For a will to be valid, these 4 conditions need to be met to make a will:

1. The person making the will must be a civil subject and a person with full capacity for civil conduct. A will made by a person without capacity for civil conduct or a person with limited capacity for civil conduct is invalid;

2. The content of the will must be the true intention of the testator, if the testator is a will made by fraud, coercion, etc., the will is invalid, and the forged will and the tampered will are invalid.

3. A will can only distribute the testator's legally valid personal property, and if the will distributes the property of the state, the collective, or others, then the part is invalid.

4. The will needs to retain the necessary share of the inheritance for heirs who lack the ability to work and have no means of subsistence. If no share of the estate is reserved for such heirs, then, in dealing with the estate, the necessary inheritance shall be left for the heir, and the remaining inheritance may be treated with reference to the distribution principle determined by the will.

3. What are the forms of wills?

In order to ensure the true expression of the testator, the law imposes stricter requirements on the will, and only those who make a will according to the type prescribed by law and meet the corresponding requirements are valid wills.

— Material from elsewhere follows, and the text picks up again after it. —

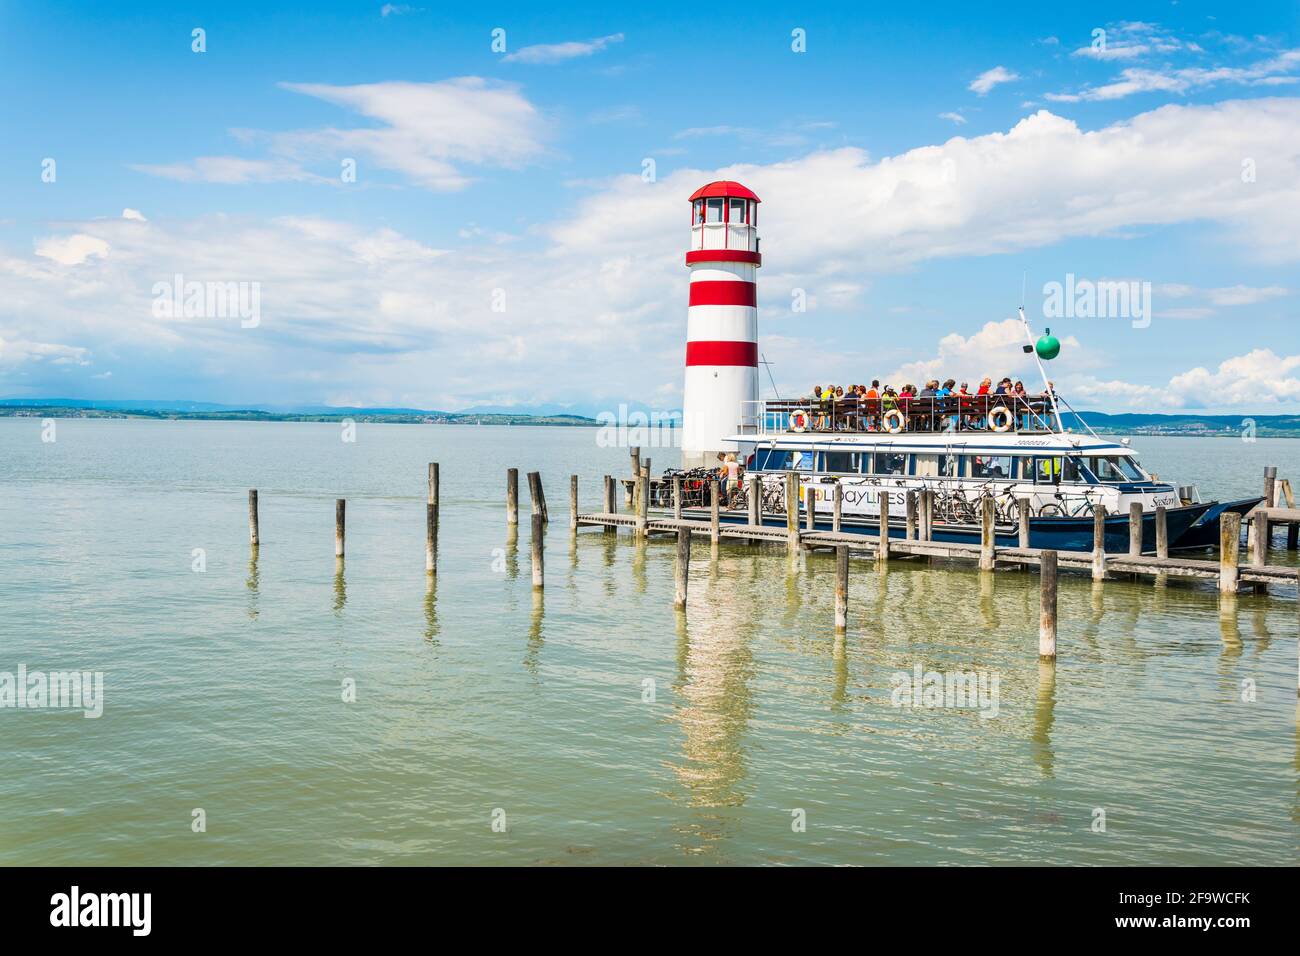 PODERSDORF AM SEE, AUSTRIA, JUNE 17, 2016:people are entering a ferry boat in podersdorf am see town situated next to neusiedlersee in austria. Stock Photo

1. Self-written will. The self-written will must be written by the testator himself, signed, and indicated the year, month and day;

2. Write a will on behalf of the will. The testament shall be witnessed by two or more witnesses present, one of whom shall bear witness, and shall be signed by the testator, the proxy, and the other witnesses, and shall also indicate the year, month and day.

A witness is a third person who proves the authenticity of a will. The witness needs to meet certain conditions: to have the ability to witness the authenticity of the will; to be neutral, that is, there is no interest in the content of the will.

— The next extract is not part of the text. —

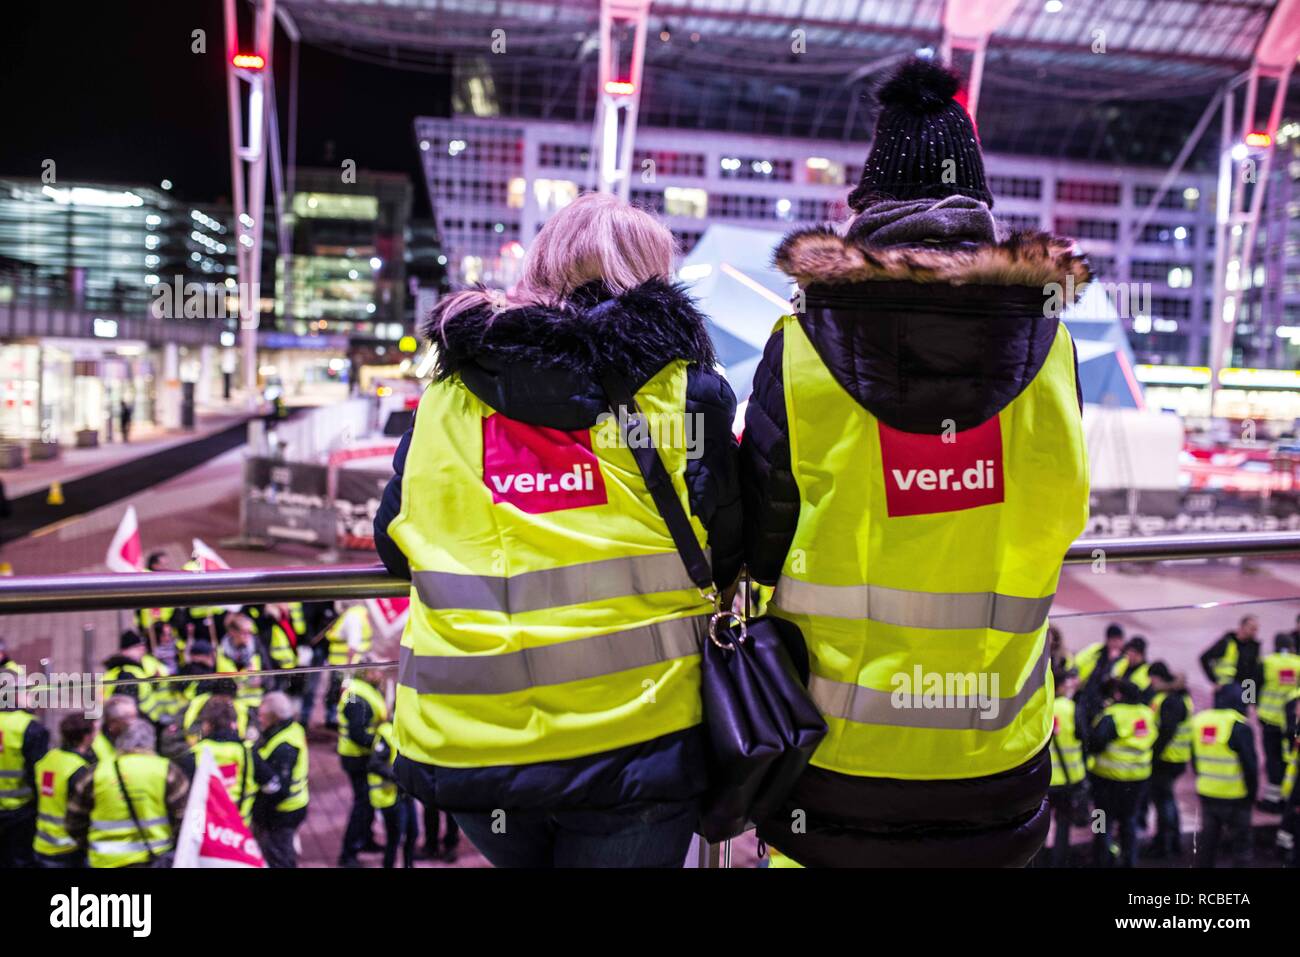 Munich, Bavaria, Germany. 15th Jan, 2019. Citing a breakdown in talks with employers on December 21st, the German Ver.di union organized the latest warning strike in a series at the Munich International Airport with members employed in Airport Security Services (Luftsicherheit) walking out from 3:30am to 24:00. The union is demanding 20 Euros per hour for their 1,000 total members working in Passenger-, Freight, Personnel, and Goods Control of Airport Security, along with recertification to bring other members to the same level. They are also requesting other members receive 'substanti Stock Photo

3. Print the will. Refers to the content of the will printed by machines and equipment. The printed will should be witnessed by more than two witnesses, and the testator and witness should sign each page of the will, indicating the year, month and day.

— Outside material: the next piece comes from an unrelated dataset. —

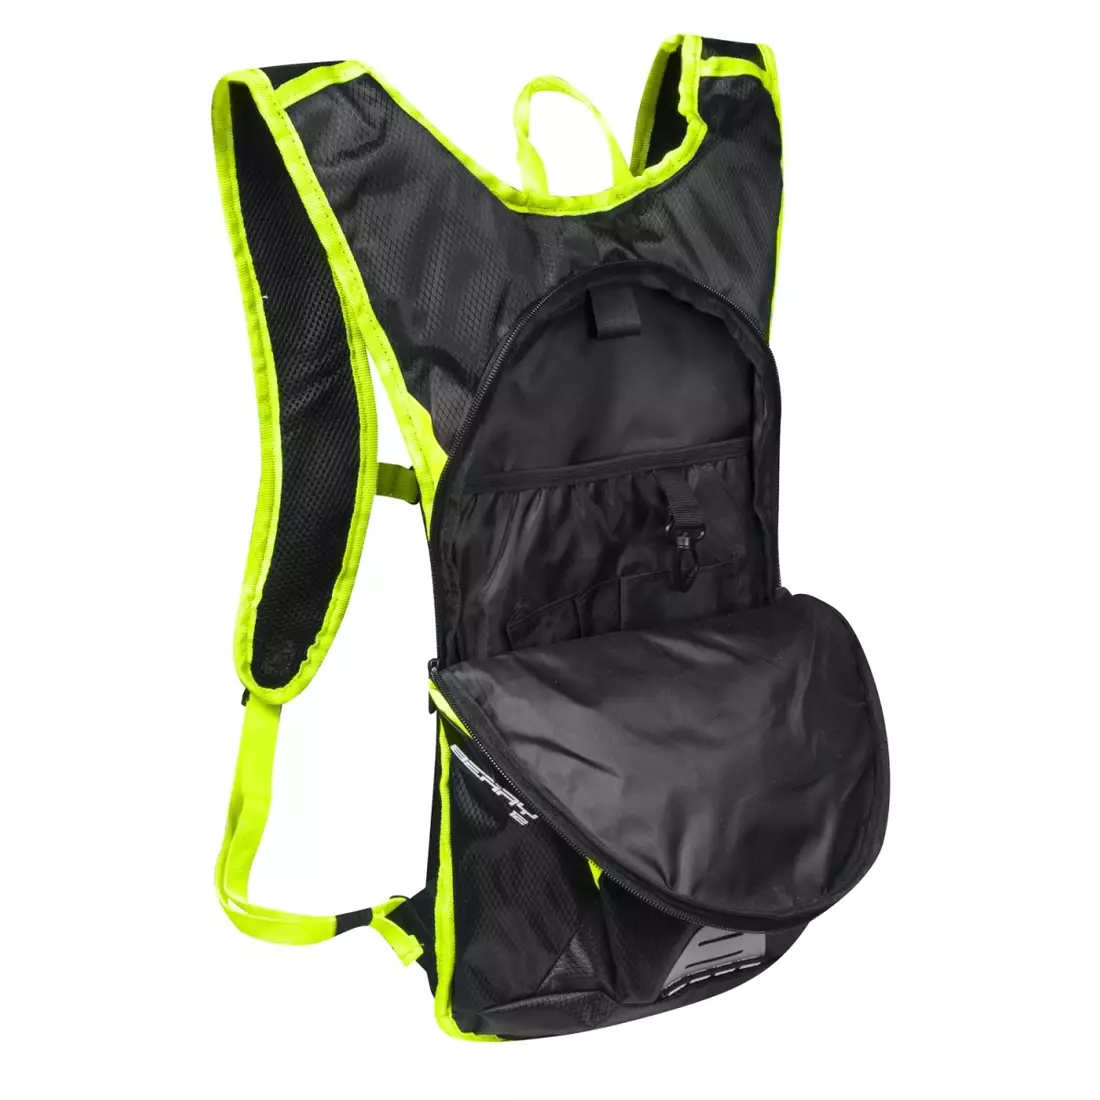 FORCE BERRY 12L backpack 896703 black and fluorine

4. Recording of wills. A will made in the form of an audio or video recording shall be witnessed by two or more witnesses present. The testator and the witness shall record their names or likenesses in the audio or video recordings, and also indicate the year, month and day.

5. Oral will. Refers to the testator's oral expression of his or her distribution of the estate. The testator may make an oral will in a critical situation. The oral will should be witnessed by two or more witnesses.

If, after the critical situation has been lifted, the testator is able to make a will in writing or audio or video recording, the oral will made shall be invalid.

6. Just will. Refers to a will that the testator has been processed by a notary public. Notarized wills must be handled by the will himself, and may not be entrusted to others to handle notarization.

4. If multiple wills are made successively, which one should prevail?

The Civil Code stipulates that after making a will, the testator may withdraw or change the will he or she has made. After making a will, if the testator carries out a civil juristic act contrary to the content of the will, it may be regarded as a withdrawal of the relevant contents of the will. If there are multiple wills, if the contents are contradictory, the last will and testament shall prevail.

That is, if the testator makes several wills with contradictory contents, the time of making the will is used as the criterion for determining the validity of the will, regardless of the form of the will, the last will made by the testator has the effect of priority application.